Global perspective Human stories

Civic groups key to achieving Millennium Development Goals, UN meeting told

Civic groups key to achieving Millennium Development Goals, UN meeting told

Non-governmental organizations (NGOs) have a vital role to play in achieving the ambitious Millennium Development Goals (MDGs) of overhauling the world's social fabric by 2015, from slashing extreme poverty and hunger to cutting infant mortality to curbing major diseases, a United Nations conference was told today.

If the Goals are not met, "we all will be poorer," Secretary-General Kofi Annan told the opening session of the 57th Annual conference of the UN Department of Public Information (DPI) and NGOs which has brought together at UN Headquarters in New York 2,700 representatives form more than 700 NGOs.

The Goals are different from the unmet bold pledges of the past, Mr. Annan said in a video message. First they are measurable; second, they have unprecedented political support, with all world leaders having signed on to them and NGOs having a key role to play in sustaining that political will; and third, with requisite national action and international support, almost every country can reach the Goals by the target date.

This year's three-day conference is devoted to the theme Millennium Development Goals: Civil Society Takes Action.

General Assembly President Julian R. Hunte of St. Lucia hailed the UN's partnerships with NGOs as mutually beneficial, extending the world body's global reach and helping to raise public awareness and ensure understanding of the issues before it. But he warned that to date, implementation was far from encouraging and much work remained to "right our balance sheet" and meet the targets.

Eveline Herkfens, the Secretary-General's Executive Coordinator for the MDGs campaign, said NGOs were the prime movers for change in extracting promises from governments and, through their passion and energy, trying to give a voice to the poor.

"Don't let your own government off the hook to be accountable to its own people on how your own resources are being used," she stated. Next year, governments come together to ask themselves where they are in achieving the Goals. "Don't wait, ask them that question today," she declared.

Noting the decades-long cooperation between the world body and NGOs who were indeed the "midwives of the UN," Under-Secretary-General for Communications and Public Information Shashi Tharoor told the gathering: "Have no doubt, your involvement and your commitment have a positive impact on our work and help us move closer to the lofty goals that we have set for ourselves."

For her part Renate Bloem, President of the Conference of NGOs in Consultative Relationship with the UN (CONGO), stressed that the MDGs could not be reached within the set time frame of 2015 without strong commitment and new impetus by civil society, whose input was crucial for the UN Millennium Summit of 2000 which adopted the targets.
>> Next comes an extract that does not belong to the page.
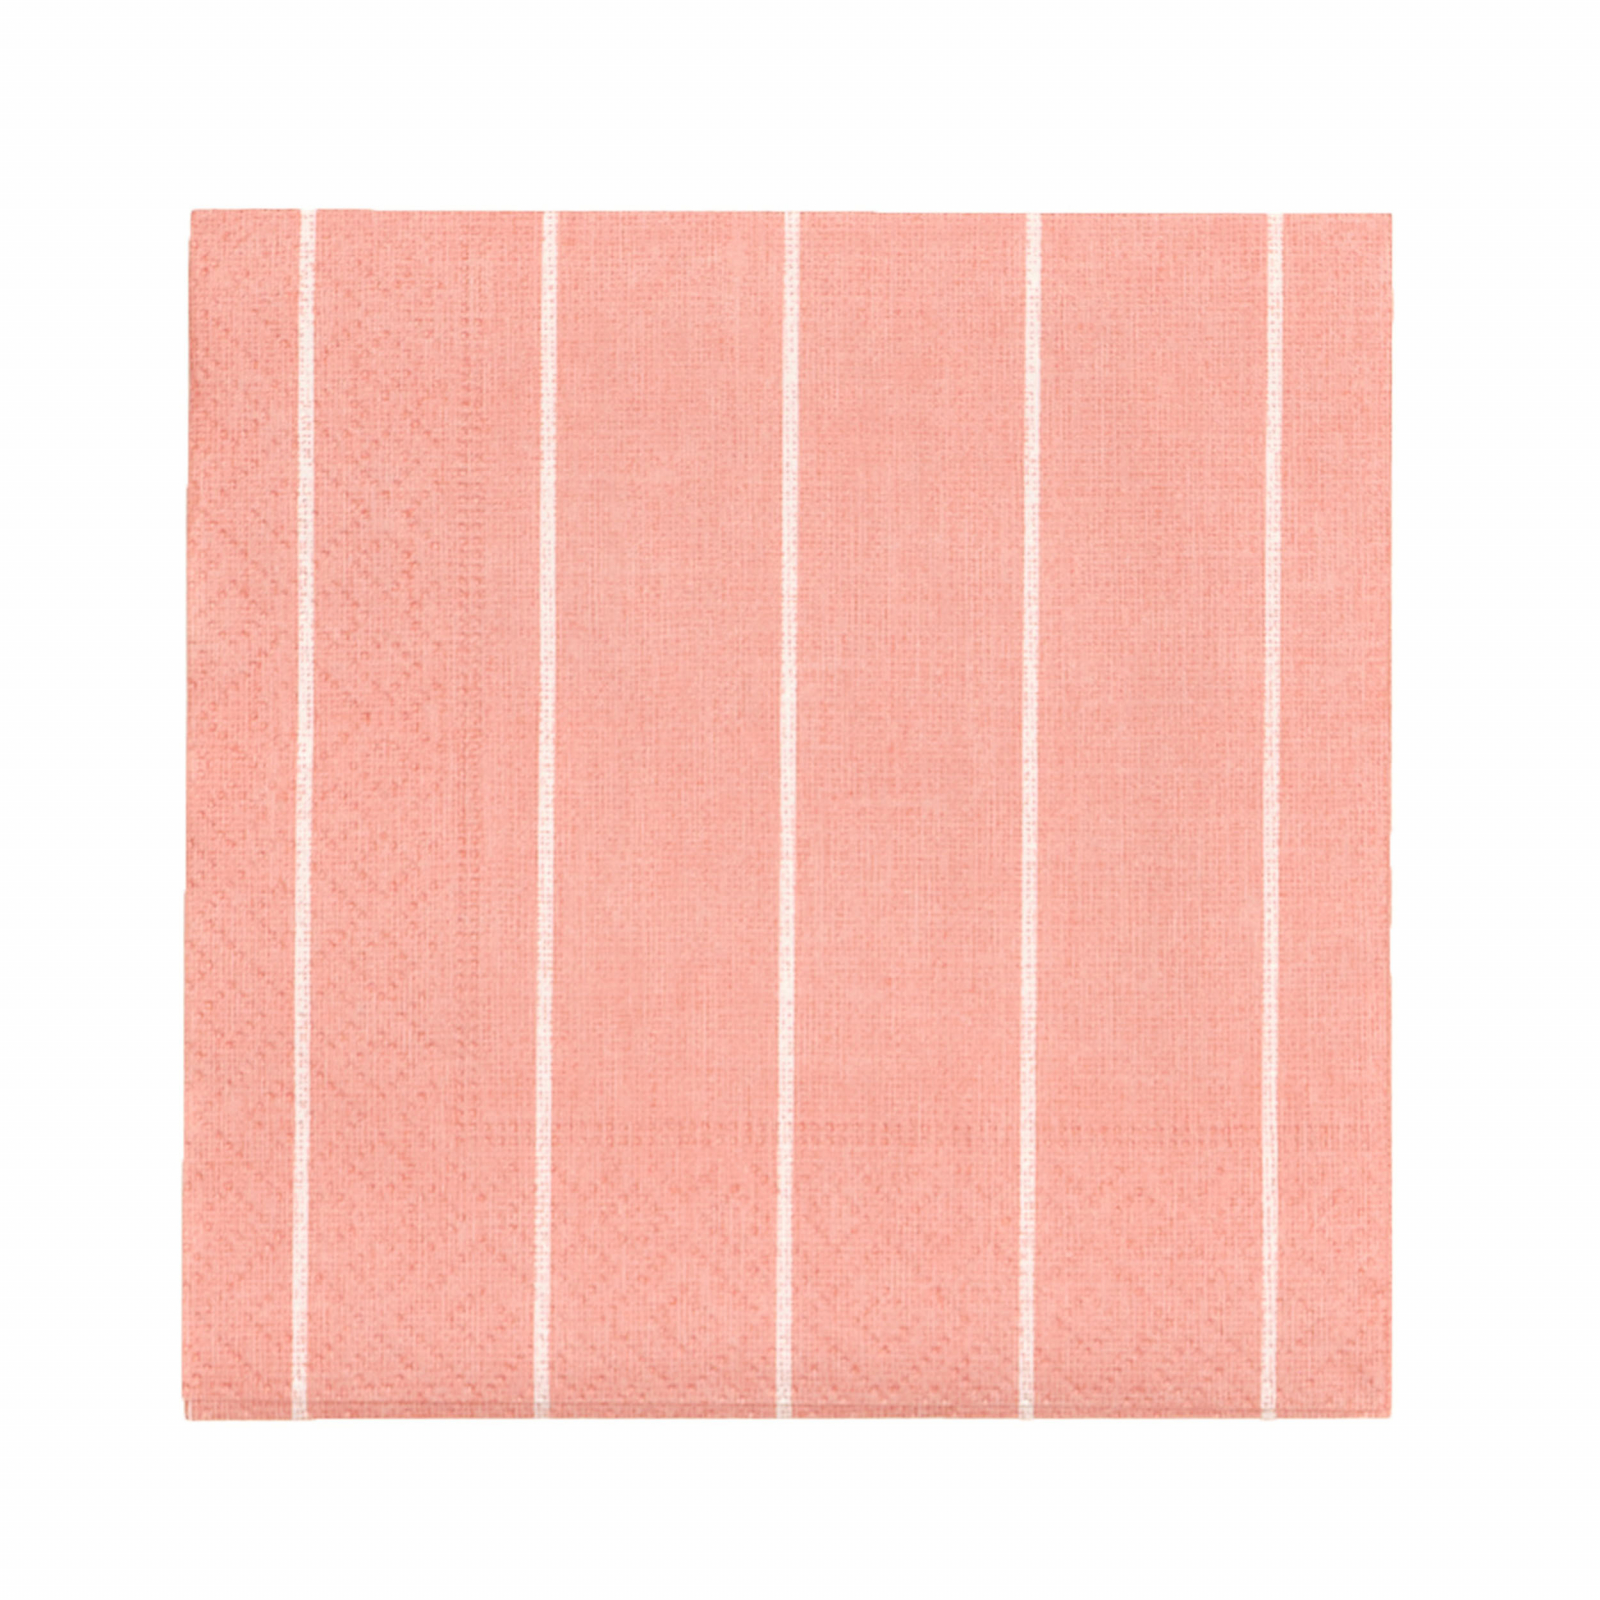 Karaca Home Pink Striped Kağıt Peçete 20'li 24x24 cm

The eight goals are: to halve the proportion of people living on less than a dollar a day and those suffering from hunger; ensure that all boys and girls complete primary school; eliminate gender disparities in primary and secondary education preferably by 2005, and at all levels by 2015; reduce by two-thirds the mortality rate among children under five; reduce by three-quarters the ratio of women dying in childbirth; halt and begin to reverse the spread of HIV/AIDS and the incidence of malaria and other major diseases; reduce by half the proportion of people without access to safe drinking water; and forge a global partnership for development.